Scalability and systems concerns
- Long-horizon scalability is not stress-tested: behavior with millions of memory units, index maintenance overhead, and consolidation/re-embedding costs over months of usage are unknown.
- Embedding/model drift is not addressed: how index consistency is maintained when encoders or LLM backbones change (re-embedding strategies, versioning, downtime).
- Asynchronous consolidation’s compute budget, scheduling, and impact on interactive latency are not characterized; potential race conditions between retrieval and background updates are unexamined.
- Storage and memory-footprint growth (active vs. archived memories), compaction policies, and associated costs are not reported beyond token counts.
- Concurrency in multi-session or multi-agent settings (consistency, locking, eventual convergence of indexes and abstractions) is not discussed.
Generalization and applicability
- Evaluation is limited to LoCoMo; generalization to other long-term memory benchmarks (e.g., dynamic tool use, task planning, knowledge evolution, multi-document QA) is untested.
- No evidence for multilingual, code-switched, or domain-specific (e.g., clinical, legal) robustness; entity/temporal normalization across languages and calendars/time zones (DST) is not evaluated.
- Applicability to multimodal agent memory (e.g., images, logs, tool outputs) is not explored; how to compress/index non-text signals and align them with symbolic metadata is open.
- Integration with tool-using agents (calendar/CRM updates, environment state) and bi-directional synchronization between external state and memory are unspecified.
Evaluation methodology
- Statistical rigor is limited: no variances, confidence intervals, or significance tests; reproducibility across seeds/runs and robustness across prompts/backends are not reported.
- Baseline parity is unclear: token budgets, retrieval depths, and hyperparameter tuning equality (and whether high-effort baselines were re-optimized) are not substantiated.
- Reported efficiency uses token cost; comprehensive system-level metrics (wall-clock latency under load, memory/CPU utilization, energy) across hardware are missing.
- BLEU-1/F1 may be insufficient for long-context reasoning; human evaluation, exact-match/faithfulness metrics, calibration, and error typologies are not provided.
- The “lost-in-the-middle” mitigation claim is not directly tested with targeted probes; explicit middle-position stress tests are absent.
Failure modes and diagnostics
- Consolidation might suppress important exceptions by over-abstracting behavior patterns; criteria to preserve anomalies or counterfactuals are not defined.

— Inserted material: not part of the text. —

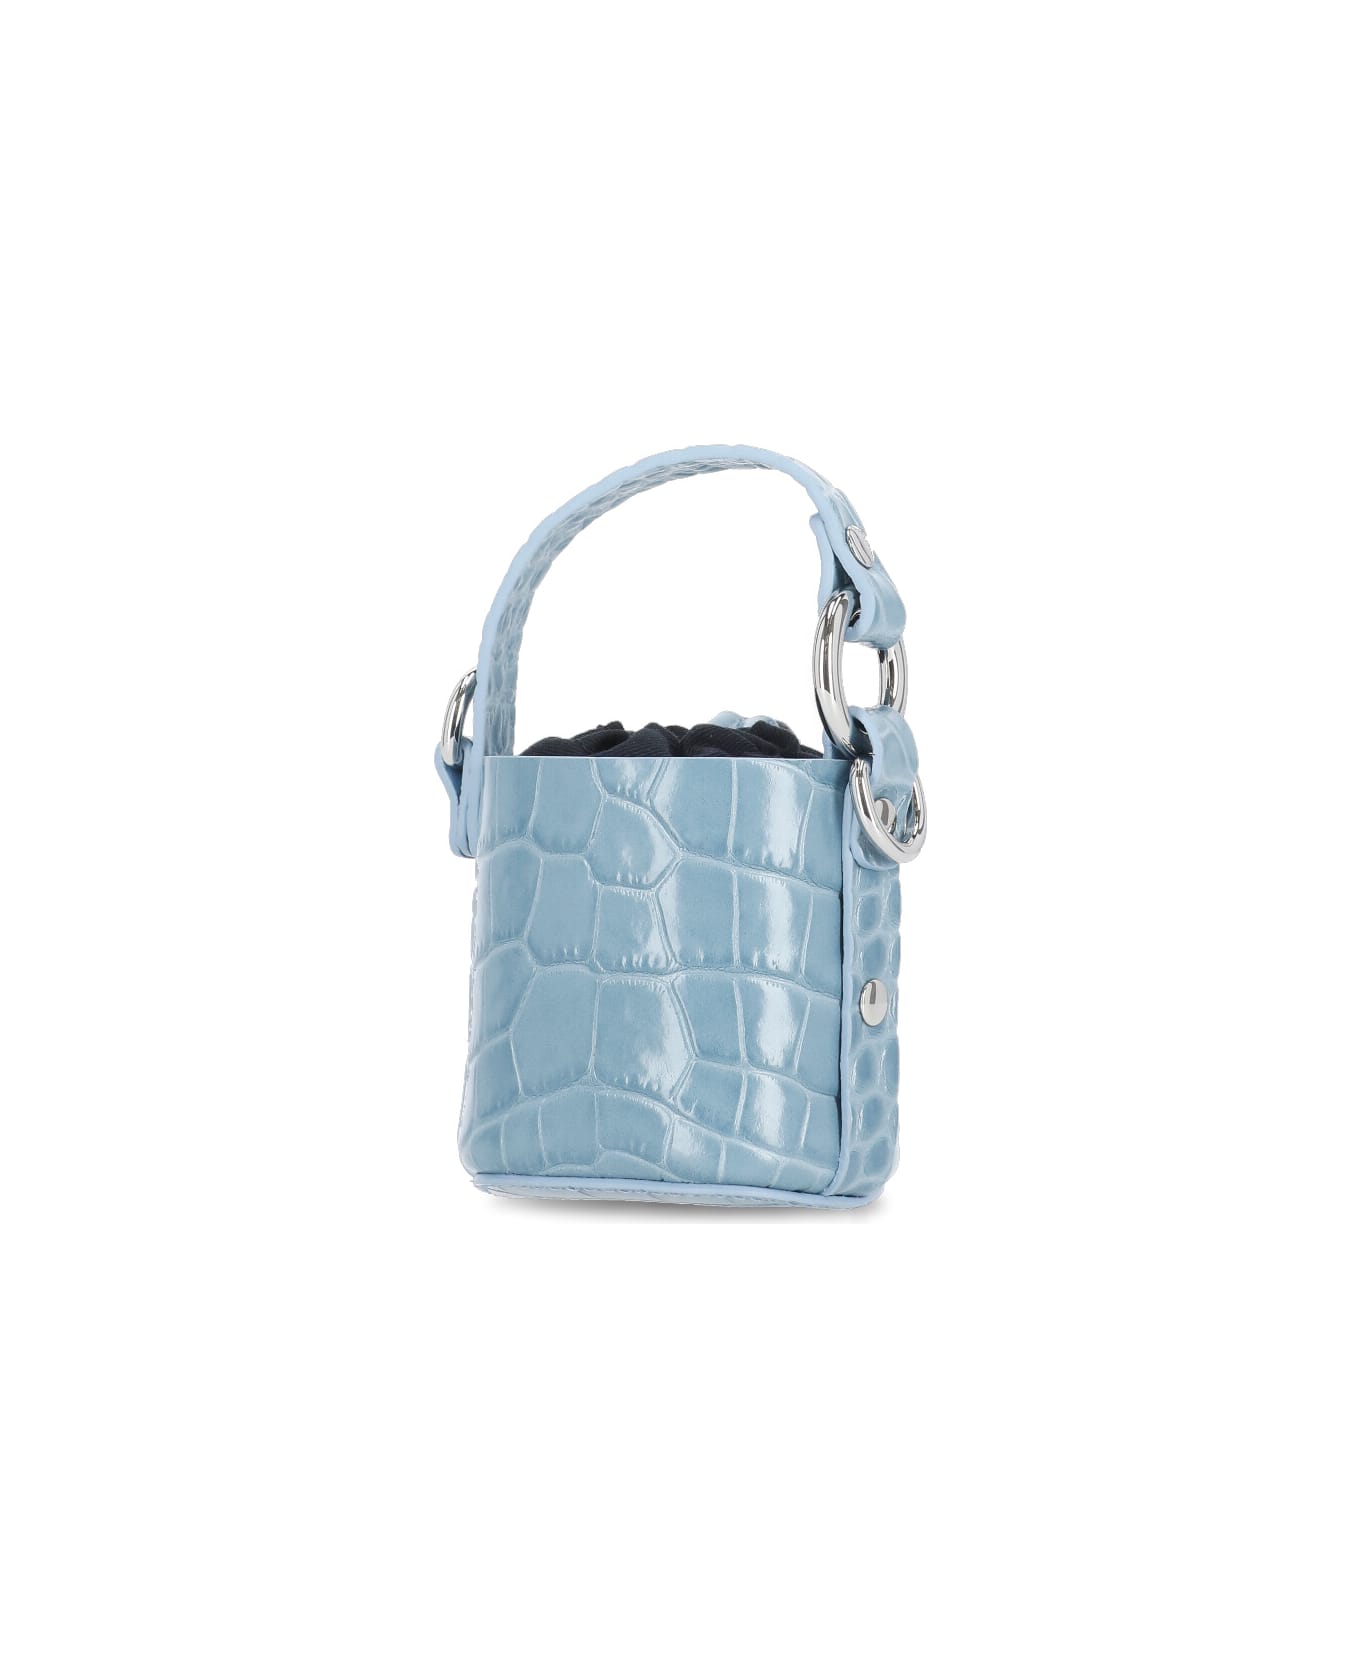 Vivienne Westwood Mini Daisy Bag - Light Blue

- No diagnostics for when to prefer fine-grained details over abstractions; strategies for uncertainty-aware retrieval (confidence thresholds, fallback to raw logs) are missing.
- Mechanisms to detect and repair consolidation-induced drifts (e.g., incorrect habit inference) or to version/control the evolution of abstractions are not presented.

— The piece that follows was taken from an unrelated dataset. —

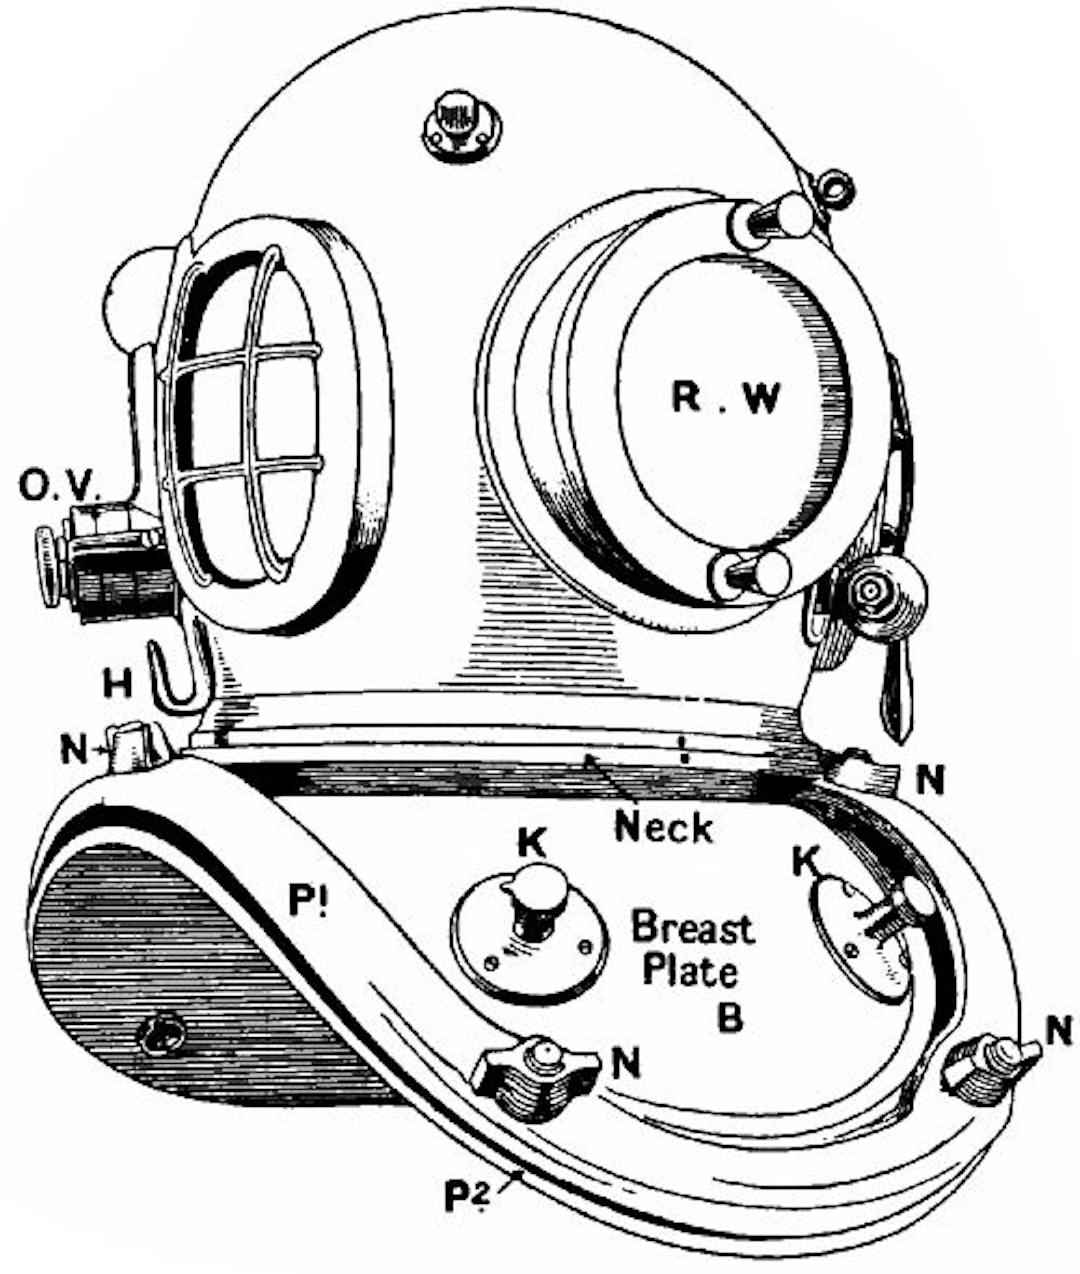  Fig. 161.—A diver's helmet.

Reproducibility and artifacts
- Essential training/evaluation details for the query-complexity classifier and normalization modules (datasets, labeling protocols, model configs) are absent.
- Hardware/software environment, index configurations at scale, and data preprocessing specifics (e.g., NER/coref/time normalization tool versions) are insufficient for full replication.
- The code release’s completeness (scripts for consolidation scheduling, re-indexing, and provenance tracking) and licensing constraints of third-party models/embeddings are not clarified.
Open research directions
- Develop formal criteria and metrics for “semantic losslessness,” including bounded reconstruction error and factual faithfulness under compression/consolidation.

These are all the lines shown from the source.